This piece begins as speculation. At the start, you pitch a curve ball of may-or-may-not-have-beens (“Let’s say . . .”), as the narrator suggests she may have just been robbed and shot while pushing her daughter on the swings in the park across the street from a church, but then you immediately lock us into the narrator’s unfolding thoughts in present tense, the ever-urgent is. Given the way you play with tense, time, and consciousness, it makes me question what I know. Is anything in this life real? How do you know for sure?
The narrator starts by saying, “Let’s say I’m being robbed, but I choose to believe I’m pushing my daughter on the swings . . . ,” which sets up the possibility of a robbery, but not the swings. She chooses to believe she’s elsewhere, someplace peaceful and happy, as someone in a traumatic situation might do, but even that has a twist to it as her daughter ages with each push. As her mind wanders, she provides specific details of some events she would know and other events she couldn’t possibly know. There’s a breathless quality to her stream of consciousness, and a slowing down and speeding up of time as she tries to make sense of what’s happening.
In contrast, she tells little about the robbery. All she says is “He shoots me in the chest and runs”—assuming, of course, there really is a robbery.
The metaphorical glue that holds this story together seems to be worry, specifically the rampant, pointless, feverish worry of motherhood. The narrator worries about how fast her daughter is growing up, about germs on the finger plugging her bullet wound, about her will, the insurance policy, the anger of a child after a trauma. The mother of the shooter, seen through the awareness of the narrator, worries about what she could have done to make things different for the heap of human error that is her son. Worry is a membrane connecting rather than separating these women, to the extent that it seems perfectly reasonable one would know the thoughts of the other. With this in mind, should anyone ever have children? If yes, how can you possibly justify the end of so much sanity? If no, how can you possibly justify the end of the human race?
I think people have children before they realize how much worry goes into the process of raising them. Another connection the characters share is that their lives are irrevocably changed. They probably all wish they could start the day again and make it different.
In this piece, you play with time. The child ages with every push, grows older than her mother, loses her childhood. Recently, I found my ten-year-old daughter smearing something like all the makeup on her face, rather expertly. Does this mean I’m dying?
We’re all dying. It’s only a question of when the process becomes final. This narrator may be feeling time fluctuate as her brain processes what she’s done with her life and what she never got around to doing.
Given the gorgeous open-endedness you’ve achieved here, what would you say to pacify a climax-centric reader, one who craves resolution like an orgasm, followed by the certainty of death and a nap?
I would offer up a conciliatory copy of Robert Coover’s “The Babysitter,” sit where I could watch, and wait with anticipated amusement. Just for sport.
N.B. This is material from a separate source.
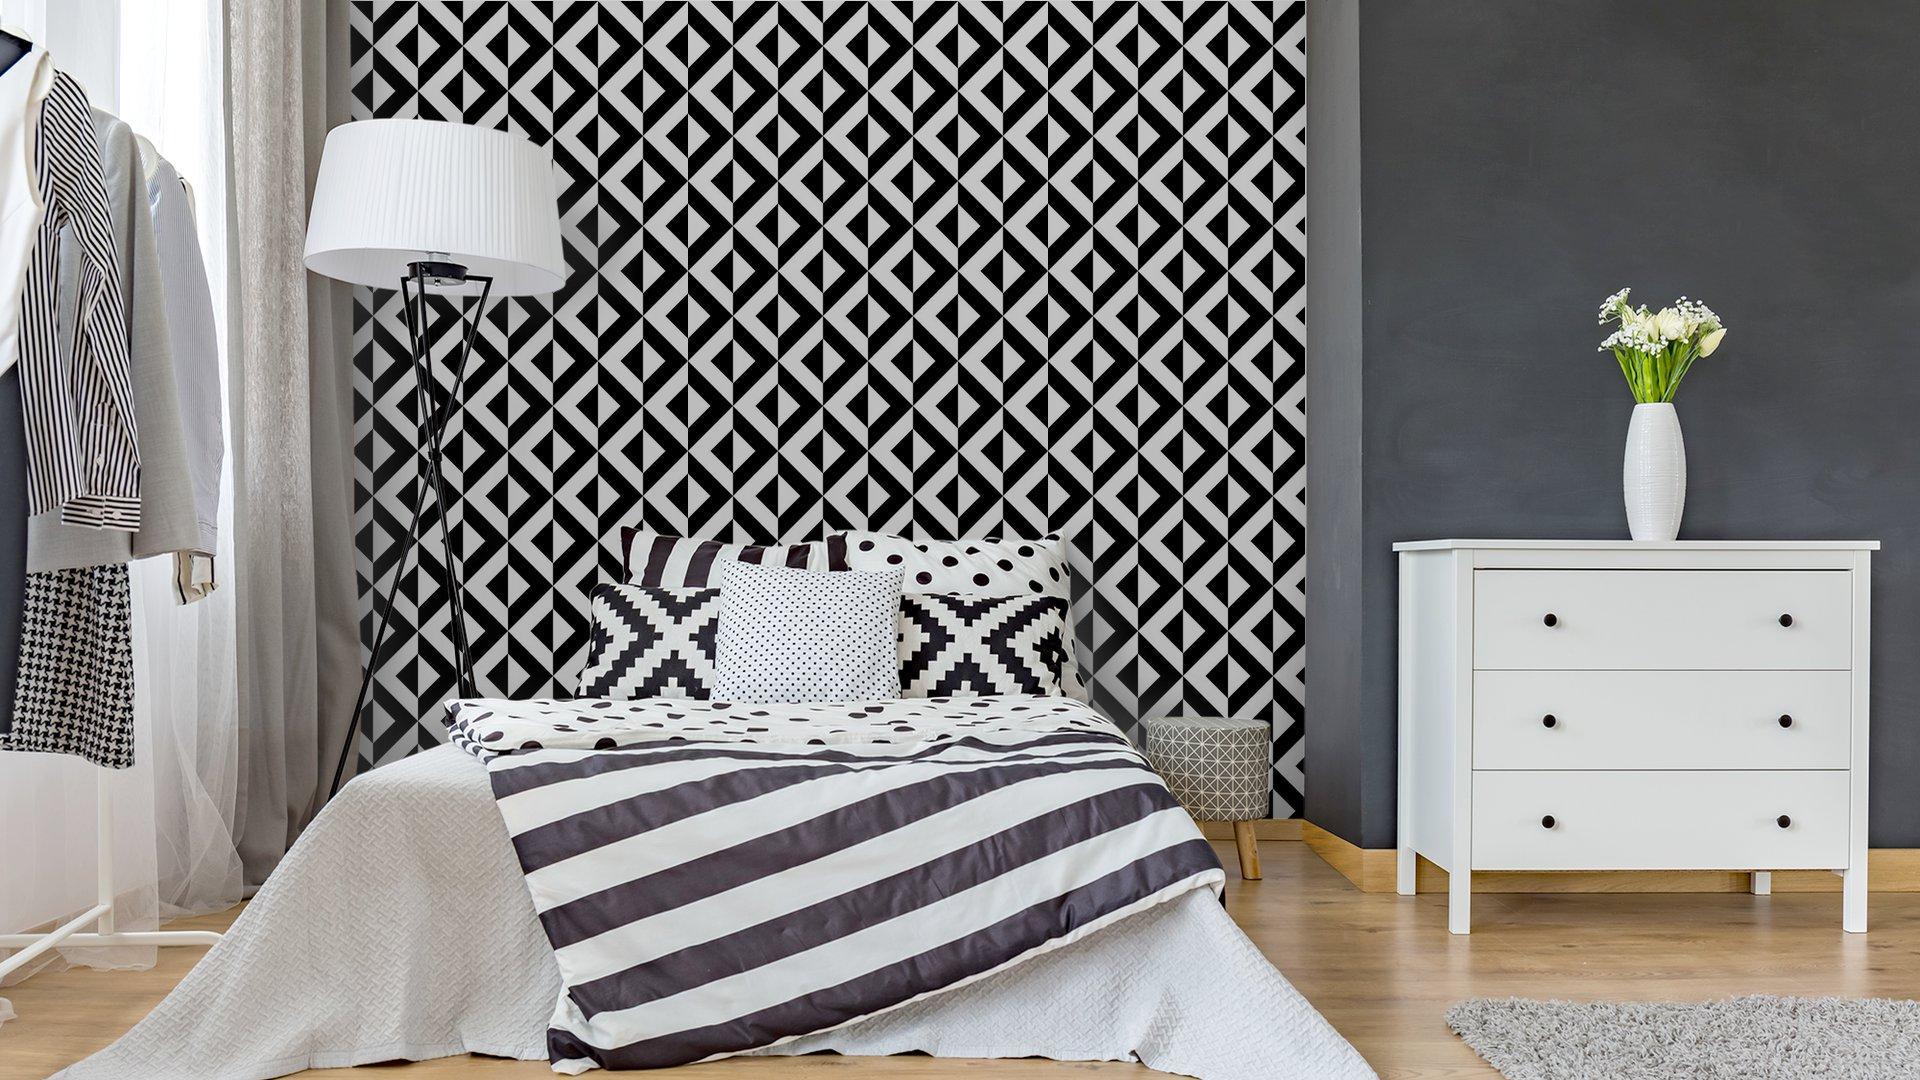 Fotomurales mexico papeles pintados patron geometrico abstracto 4 - Papel Tapiz Geométrico Blanco y Negro 01

Finally, paying homage to the mothers of your story, a series of What-Ifs: What if insomnia could be monetized? What if stories created alternate dimensions where characters actually lived? What if mimes were sexy? What if net neutrality actually fails?
Insomnia has been monetized; Google it and count the companies.
Etgar Keret has already shown, in his story “Lieland,” that characters in the lies we tell do exist in another dimension, so why not characters in stories?
Aren’t mimes sexy to other mimes?
If net neutrality fails, somehow we will all go on.